There were rabbits everywhere. The snow was covered with their tracks and he had moved nearly fifty yards into the thick brush when the sound of a breaking limb stopped him cold. Rabbits and foolbirds did not break limbs when they moved. Deer broke limbs, bear broke limbs.

Almost simultaneously he saw different tracks in the snow in front of him. Big tracks. Huge tracks. The hair went up on his neck. They were big enough for bear and what he really didn’t want to do in his whole life was meet a bear in thick brush, especially if it was a bear that had a memory of a bad night with a skunk.

But when he leaned down to study the tracks he saw they had a cloven hoof, like those left by deer but larger. Much larger.

Moose. He knew instantly. He had seen moose several times since he had been attacked last summer. Once he had seen a bull with a rack so large that Brian could easily have fit between the antlers; the rest had been cows. They were all unbelievably big, and after he’d been attacked by the cow along the lake he’d given them a wide berth. When they got angry it was like having a Buick mad at you.

But, he thought — just that at first. But.

But what? But the moose are smaller now? But I’m tougher now? He shook his head, pushed the thoughts away, the sneaky thoughts, the ones that said he was hunting meat for food, moose were made out of meat, he had a larger bow, primitive people hunted moose with weapons like his, he was different now.
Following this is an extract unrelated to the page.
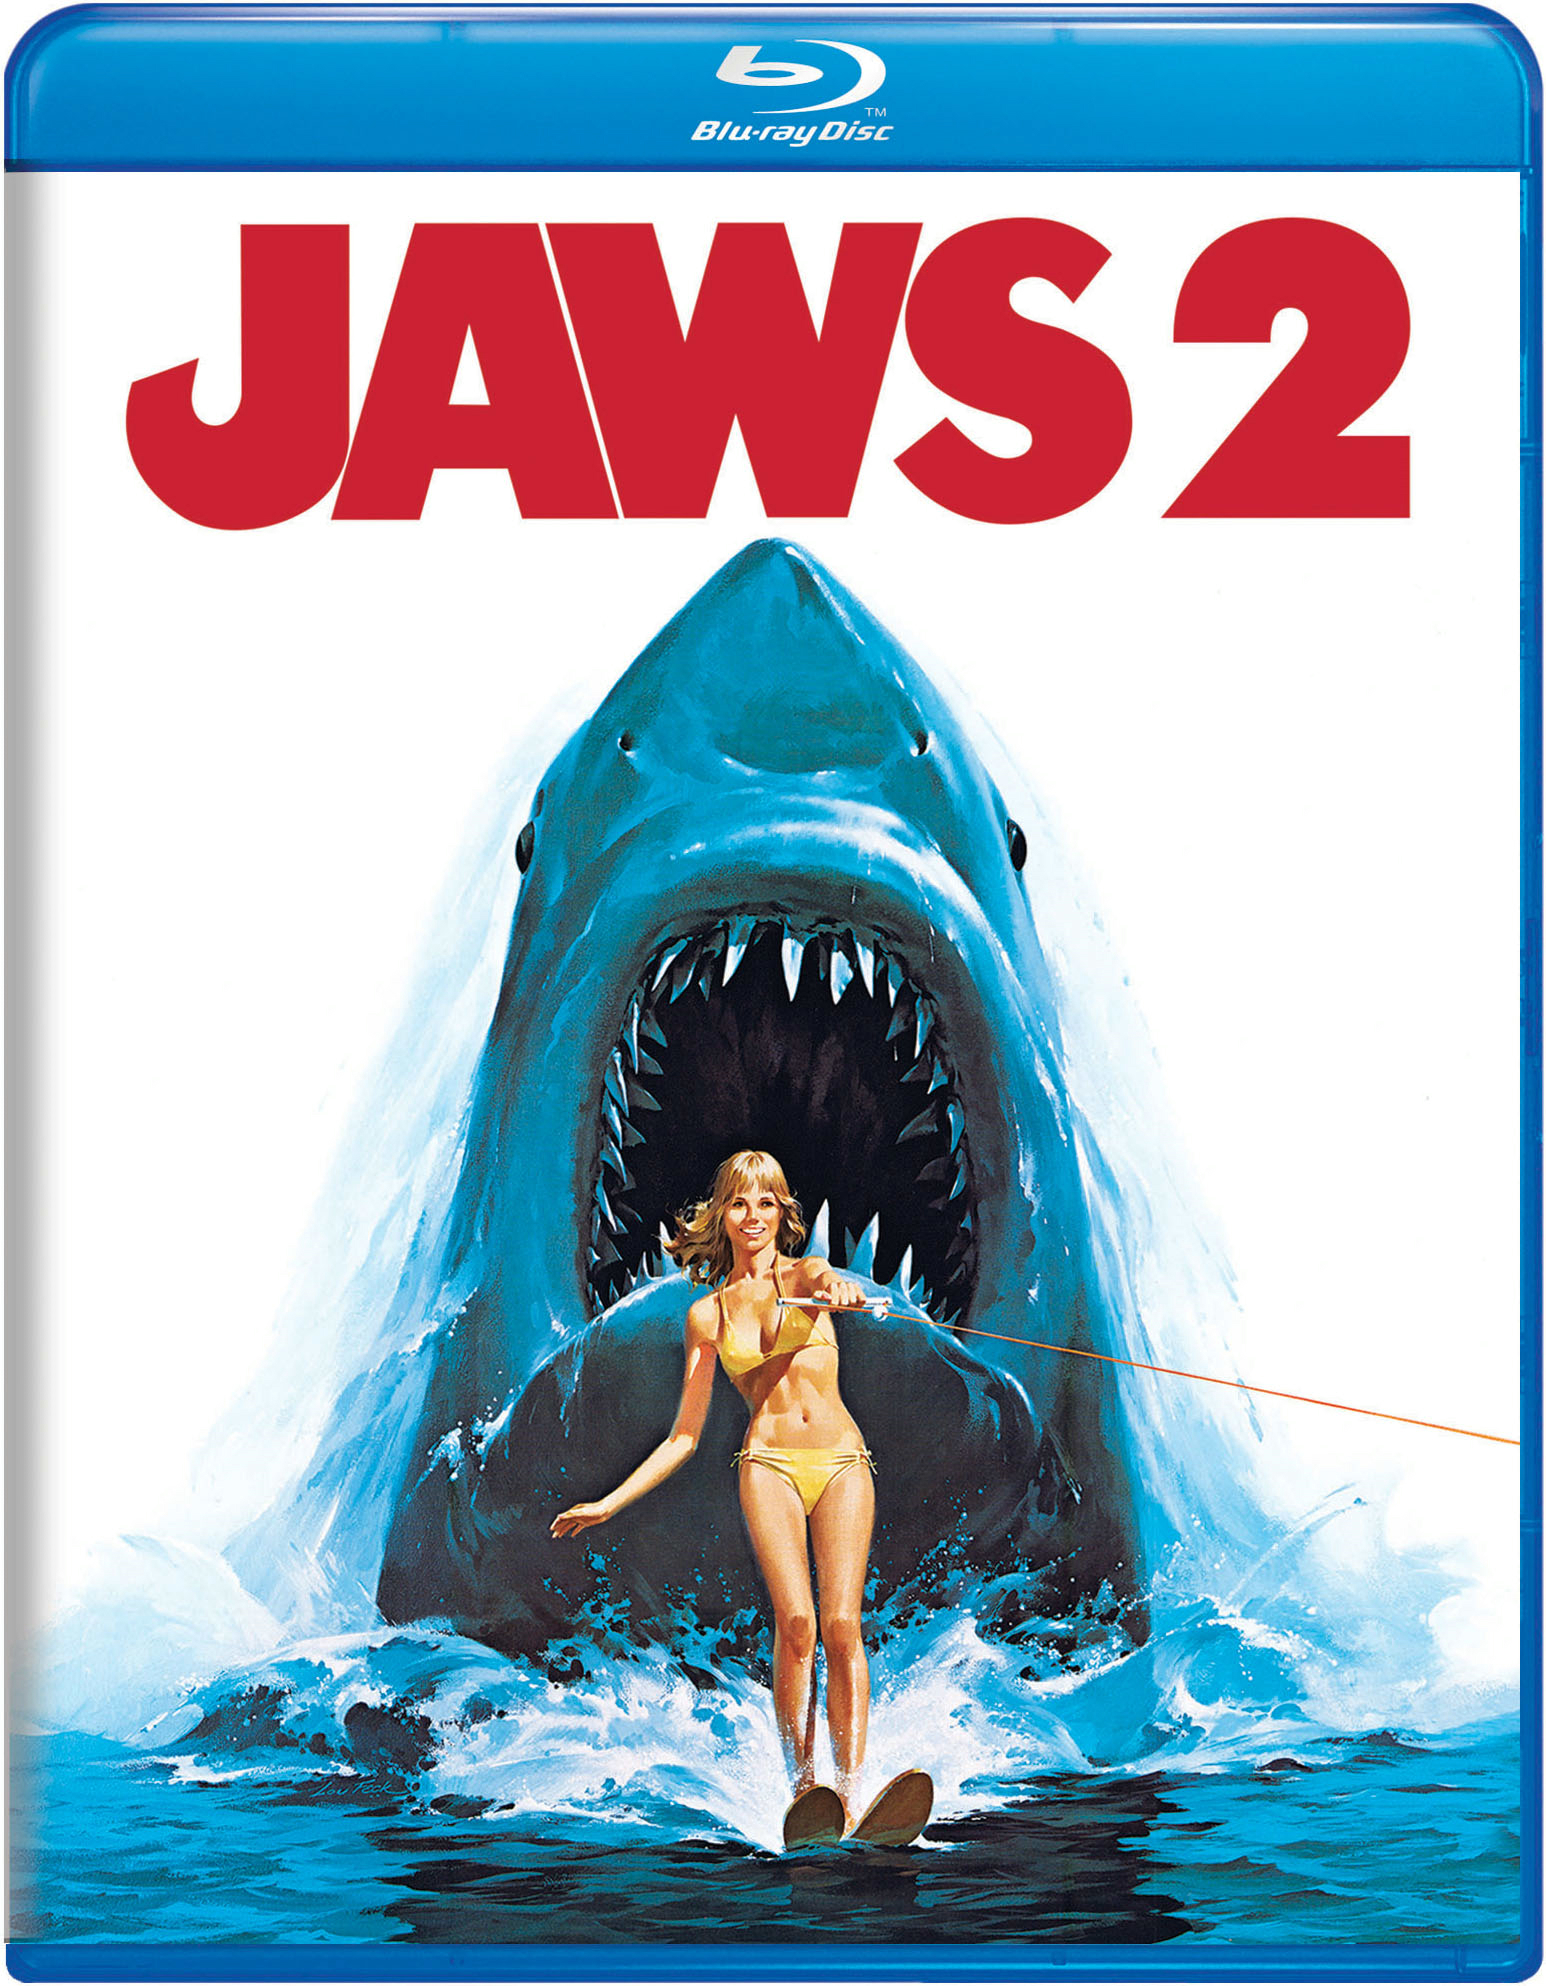 Jaws 2 - Blu-ray [ 1978 ]  - Thriller Movies On Blu-ray - Movies On GRUV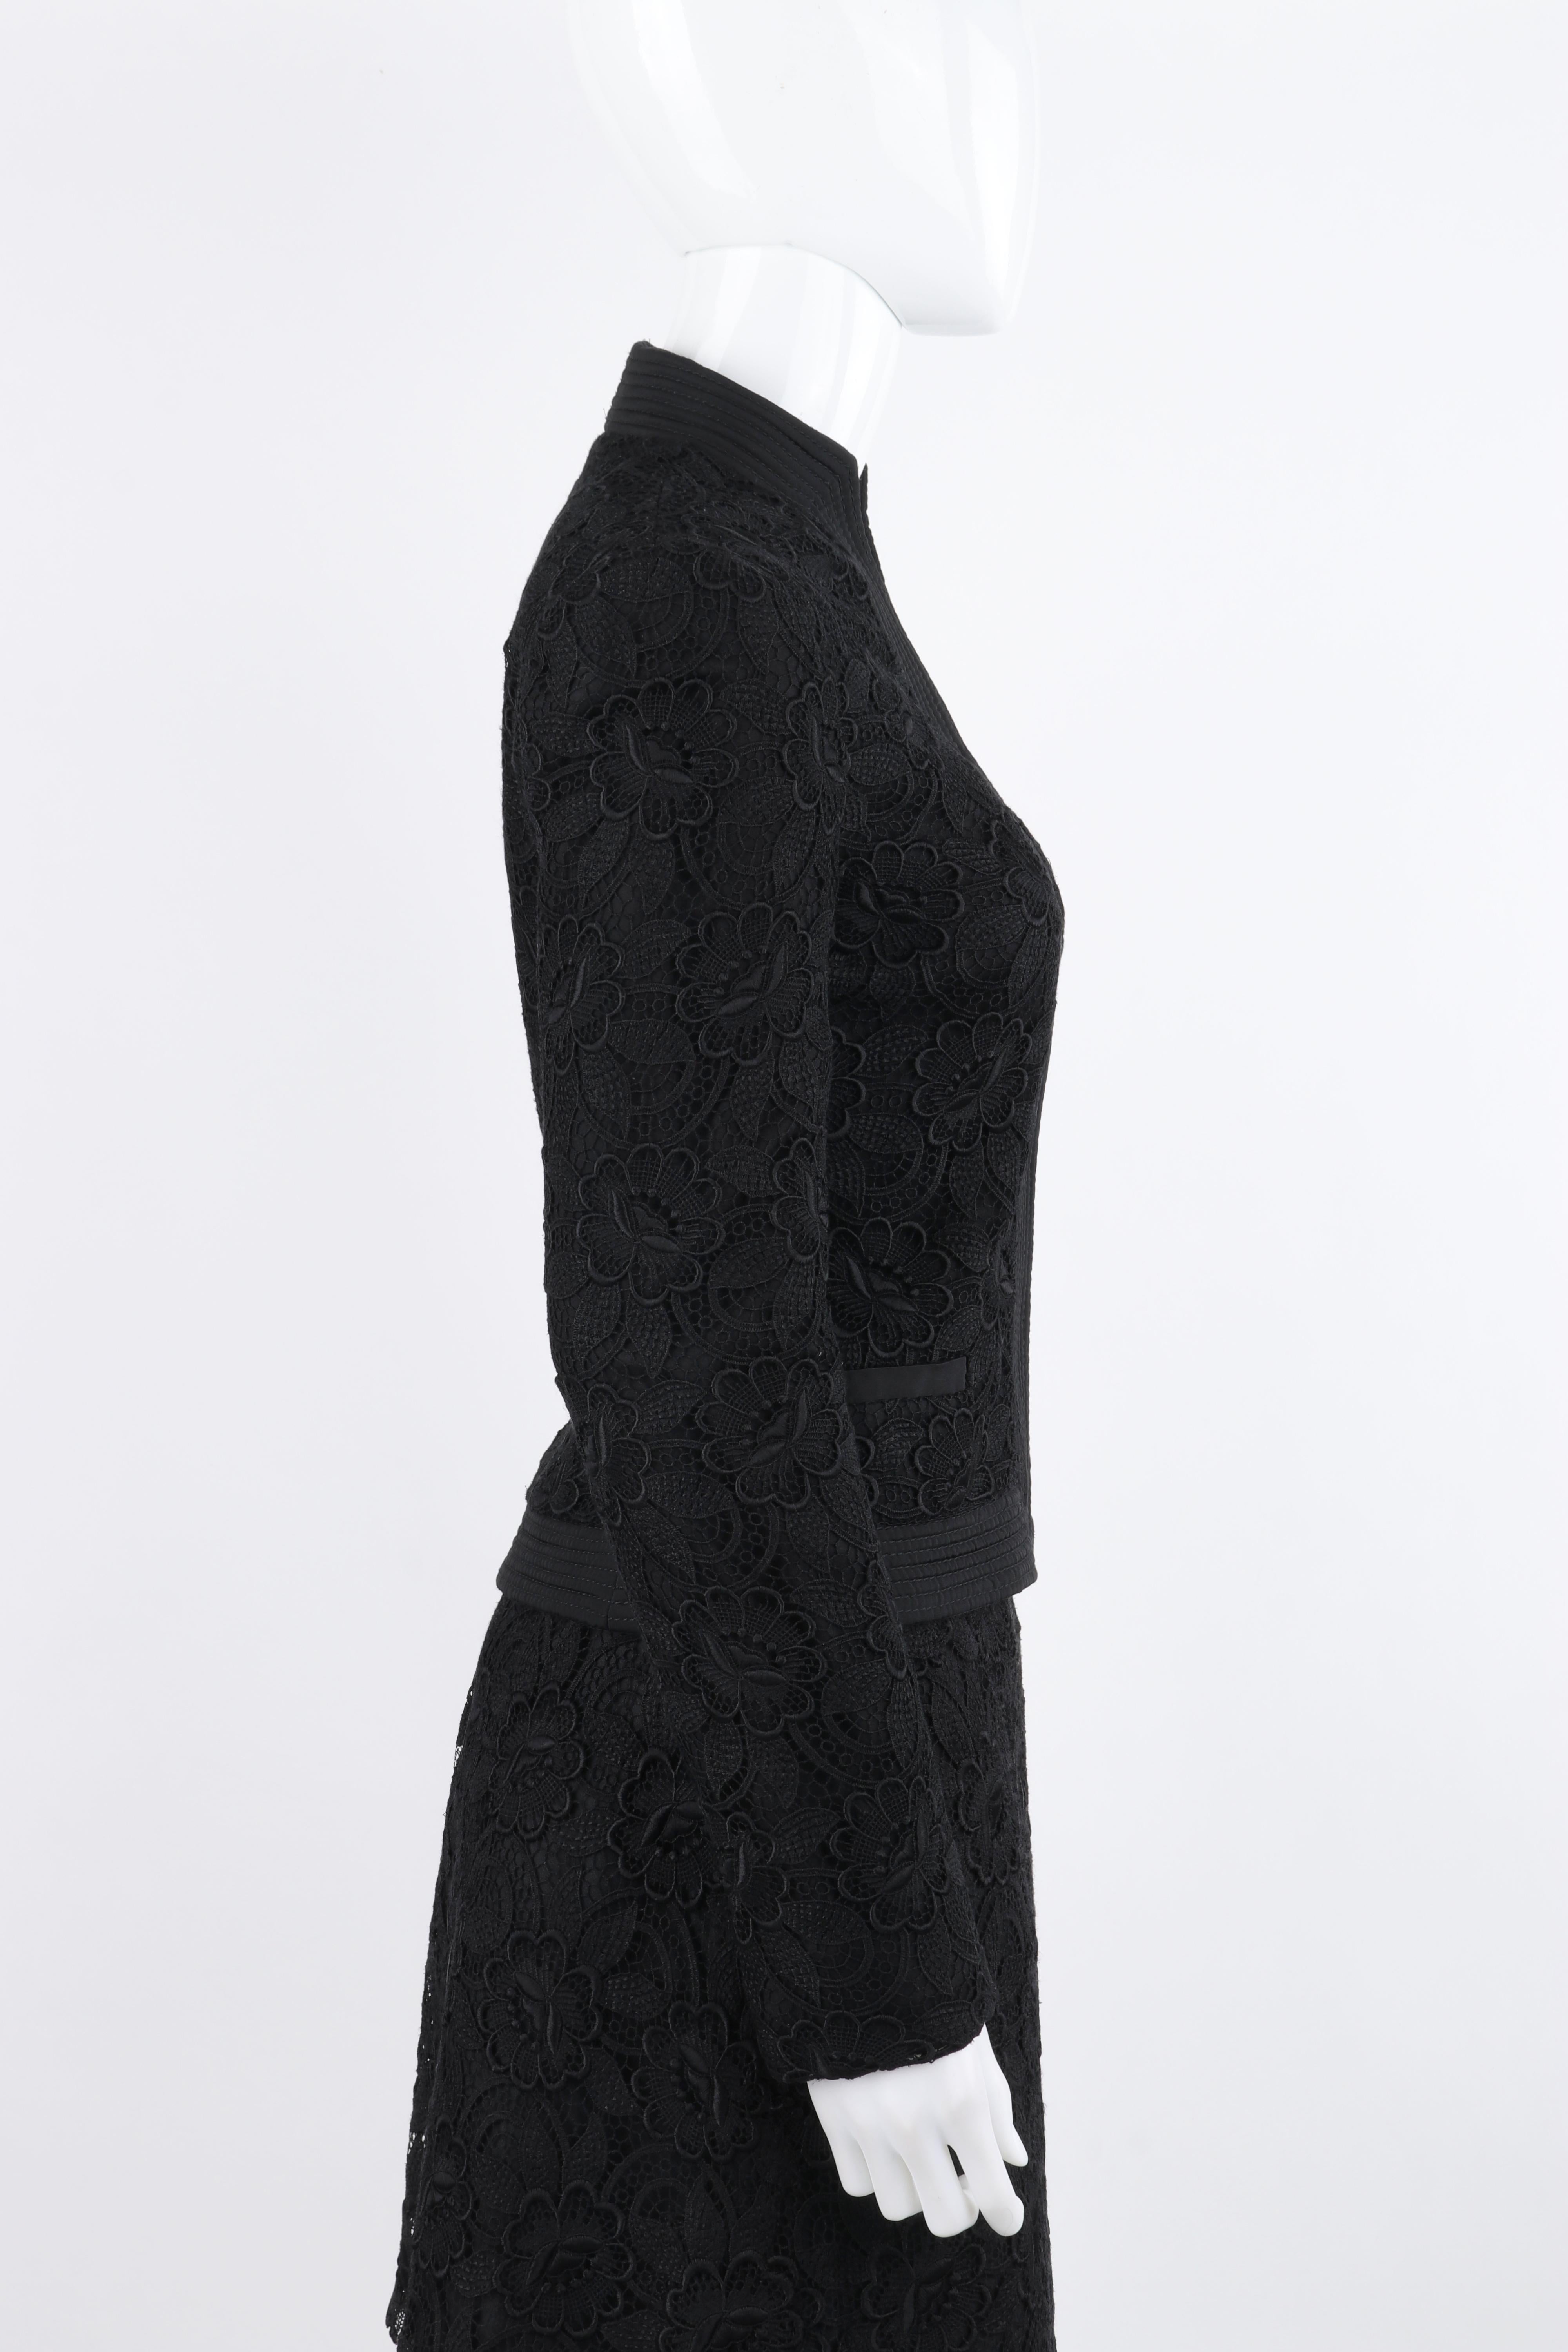 ALEXANDER McQUEEN Pre-Fall 2006 Black Two Piece Lace Jacket Skirt Suit Set For Sale 1

He heard the sound again. A breaking limb. Close, maybe thirty yards, and he crouched down and looked along the snow as he had for rabbits.

There. A brown leg moving, then another, like small trees they were, suddenly moving small trees.

He held his breath and crouched, watching. He could not see more of the moose, just the legs, and as he watched they moved off to the left a bit, hesitated, then turned left again and started moving slowly.